• _AVAILABLE DATA_

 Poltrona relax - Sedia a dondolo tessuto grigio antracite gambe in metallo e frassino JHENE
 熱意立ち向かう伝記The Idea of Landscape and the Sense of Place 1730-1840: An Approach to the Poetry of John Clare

--

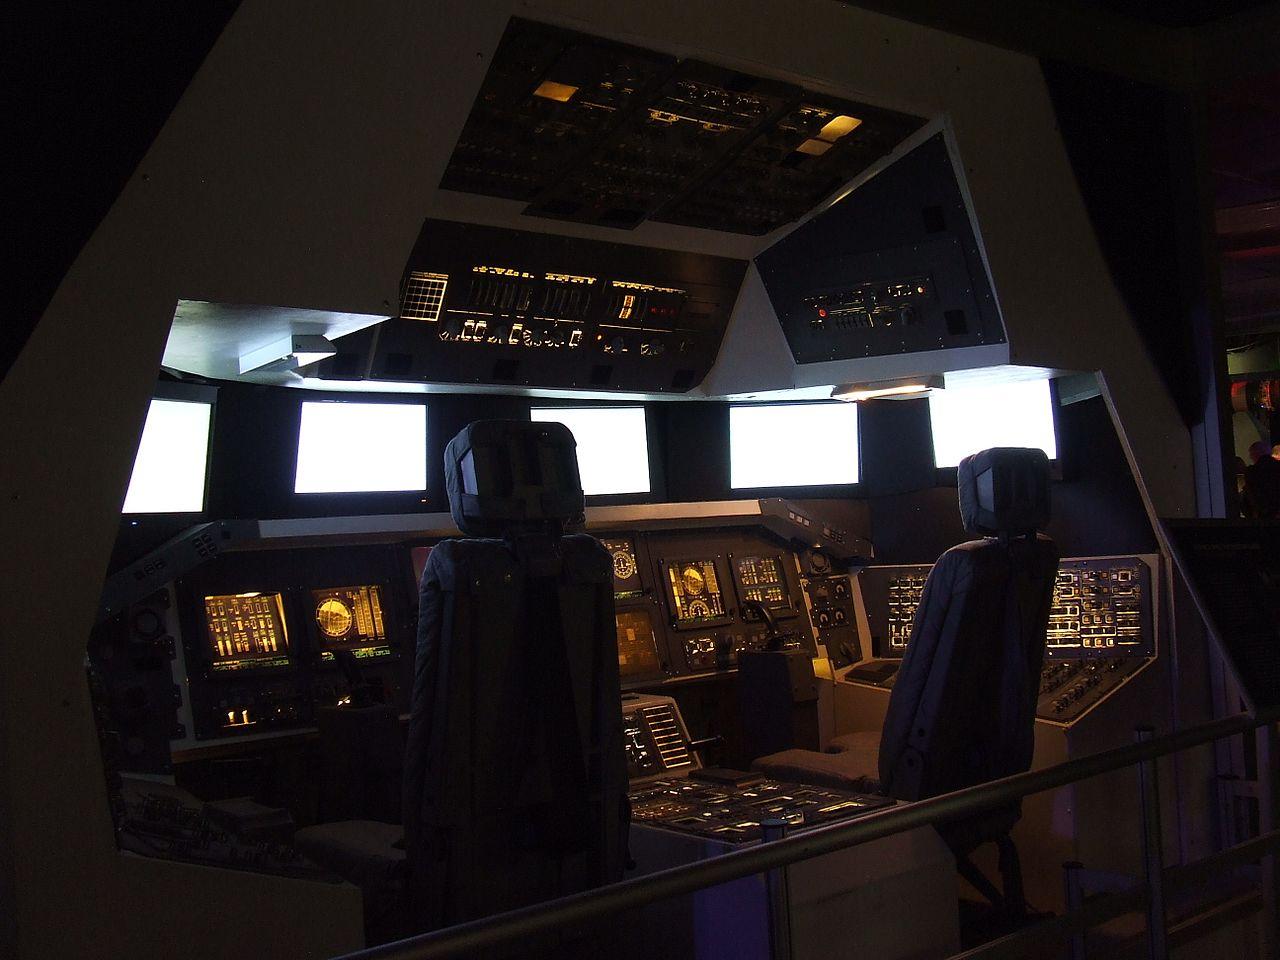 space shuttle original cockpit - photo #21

--

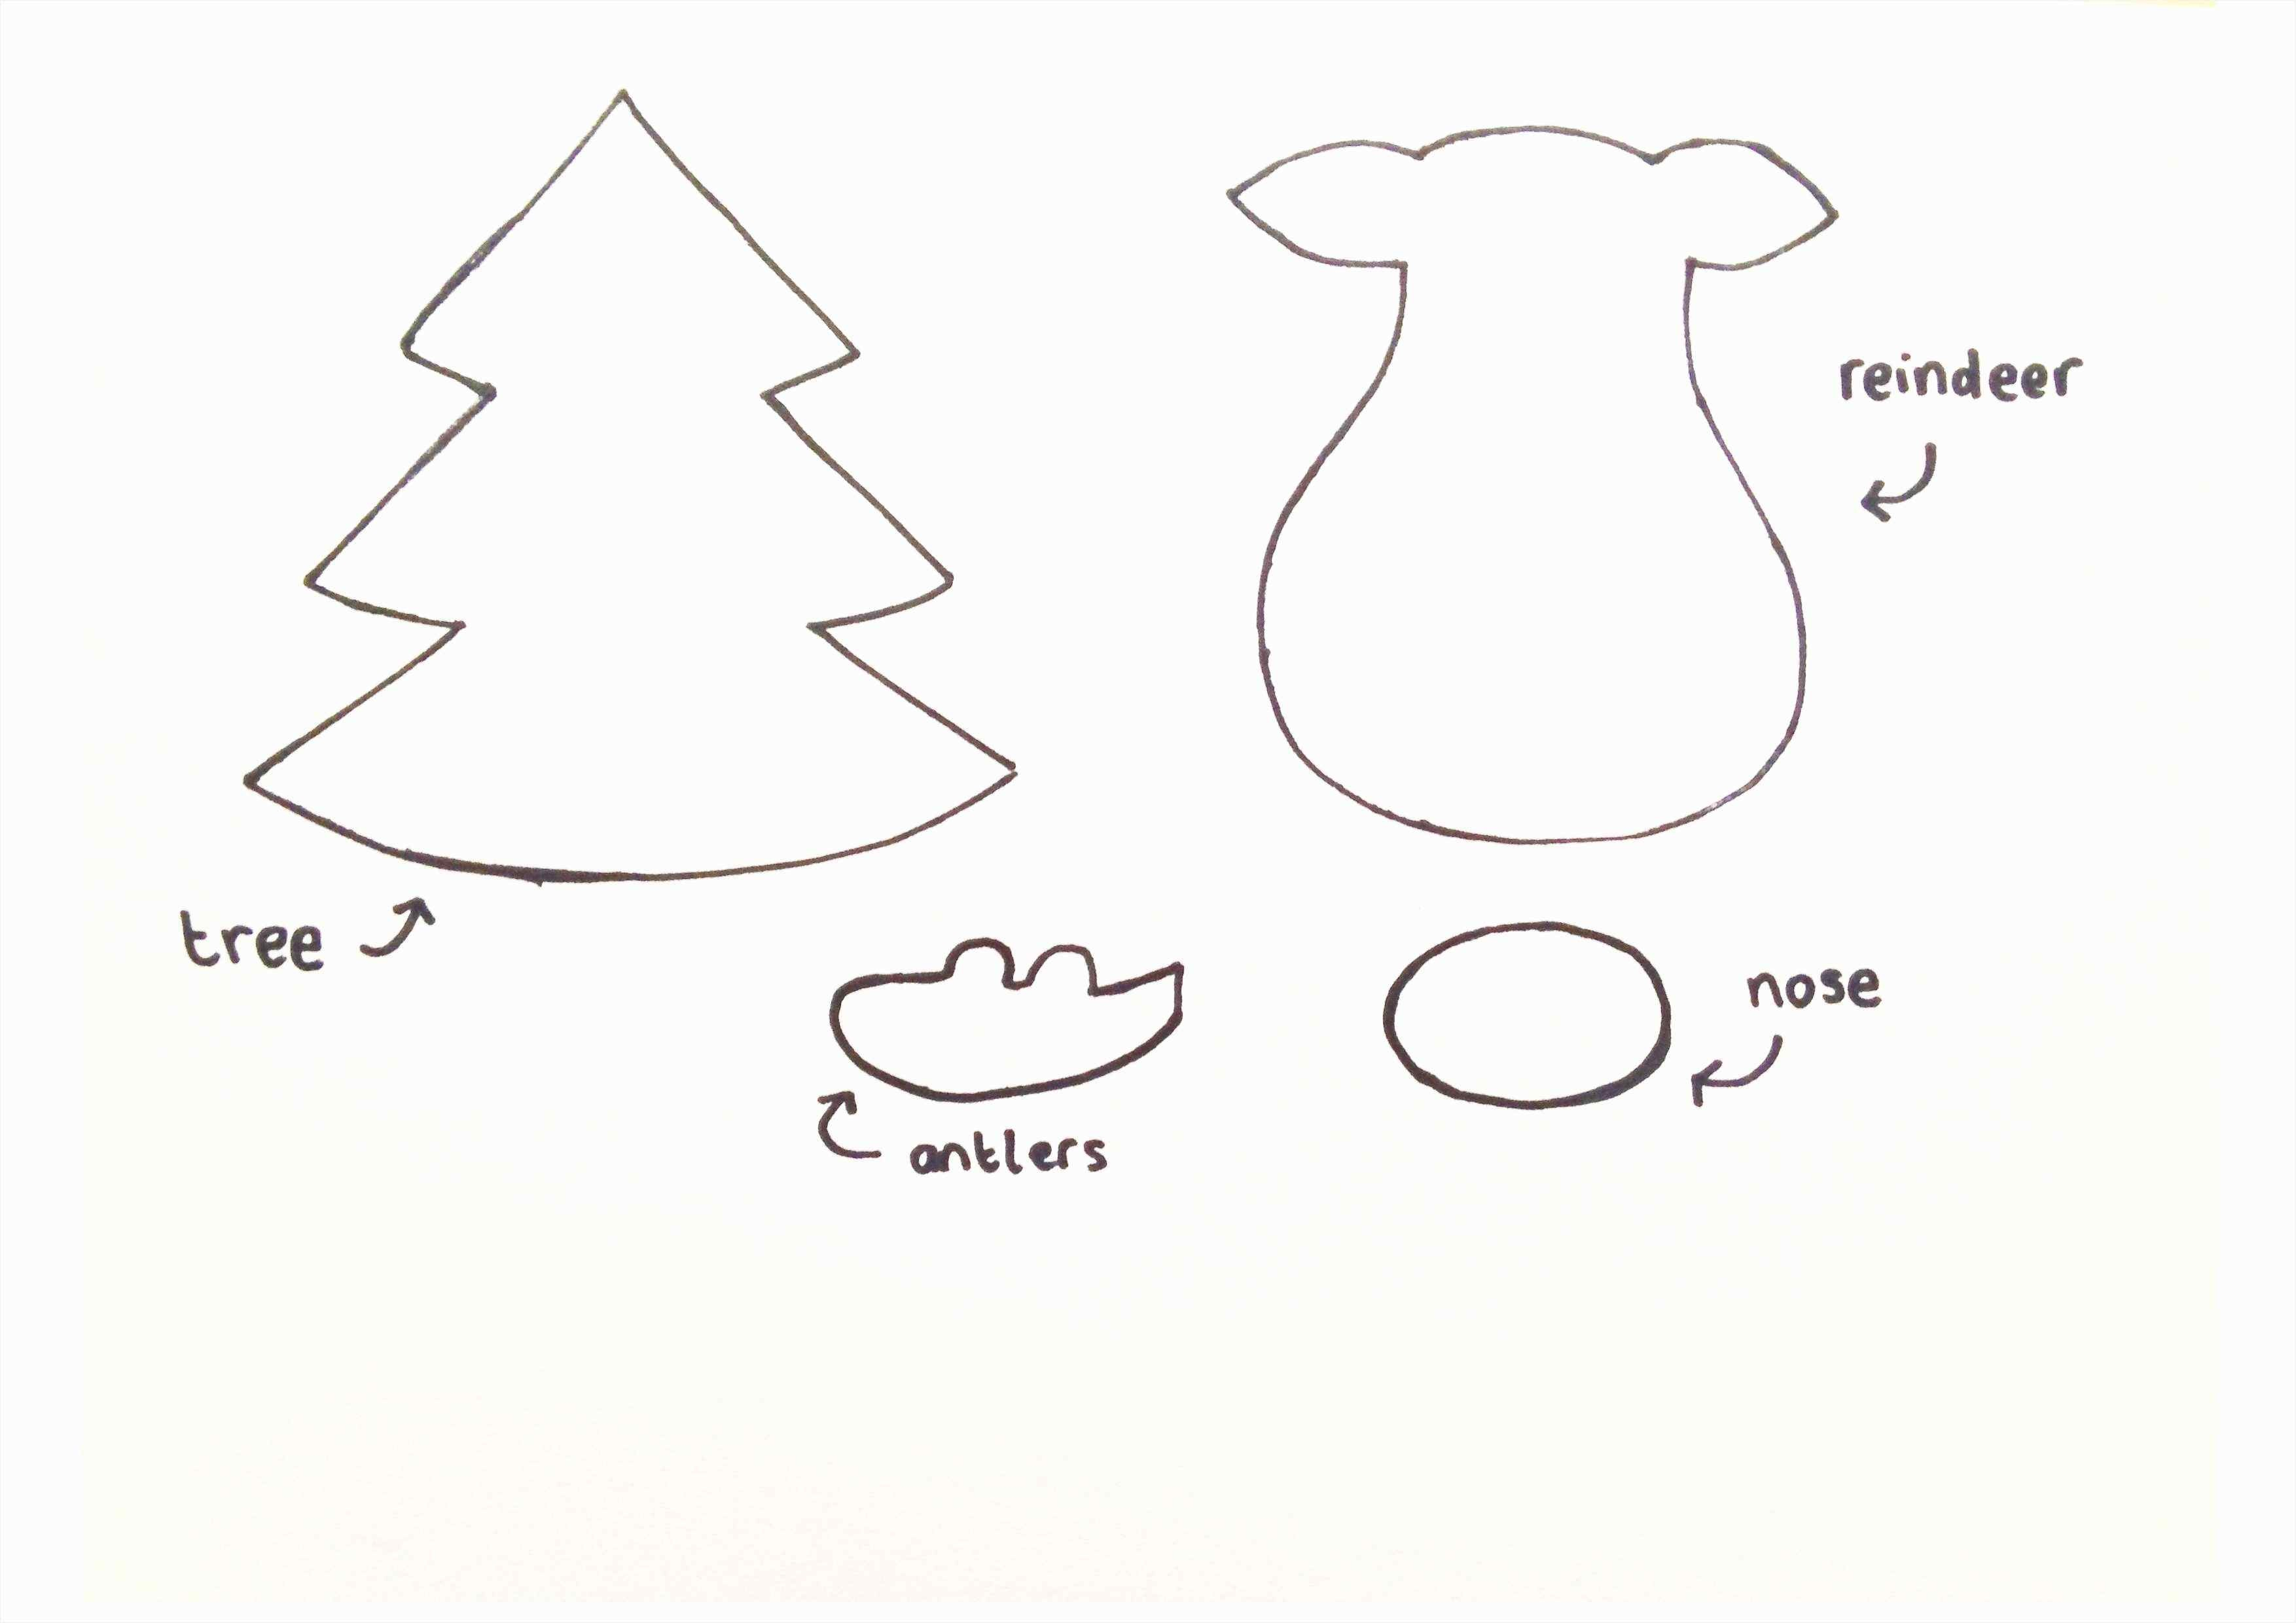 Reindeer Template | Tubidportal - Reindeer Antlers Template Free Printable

• _ABOUT THIS EXERCISE_
From the records above, copy out the line with "Poltrona relax - Sedia", the line with "熱意立ち向かう伝記The Idea of", and every line between them, word for word.

• _ANSWER FOR THE TASK_
 Poltrona relax - Sedia a dondolo tessuto grigio antracite gambe in metallo e frassino JHENE
 熱意立ち向かう伝記The Idea of Landscape and the Sense of Place 1730-1840: An Approach to the Poetry of John Clare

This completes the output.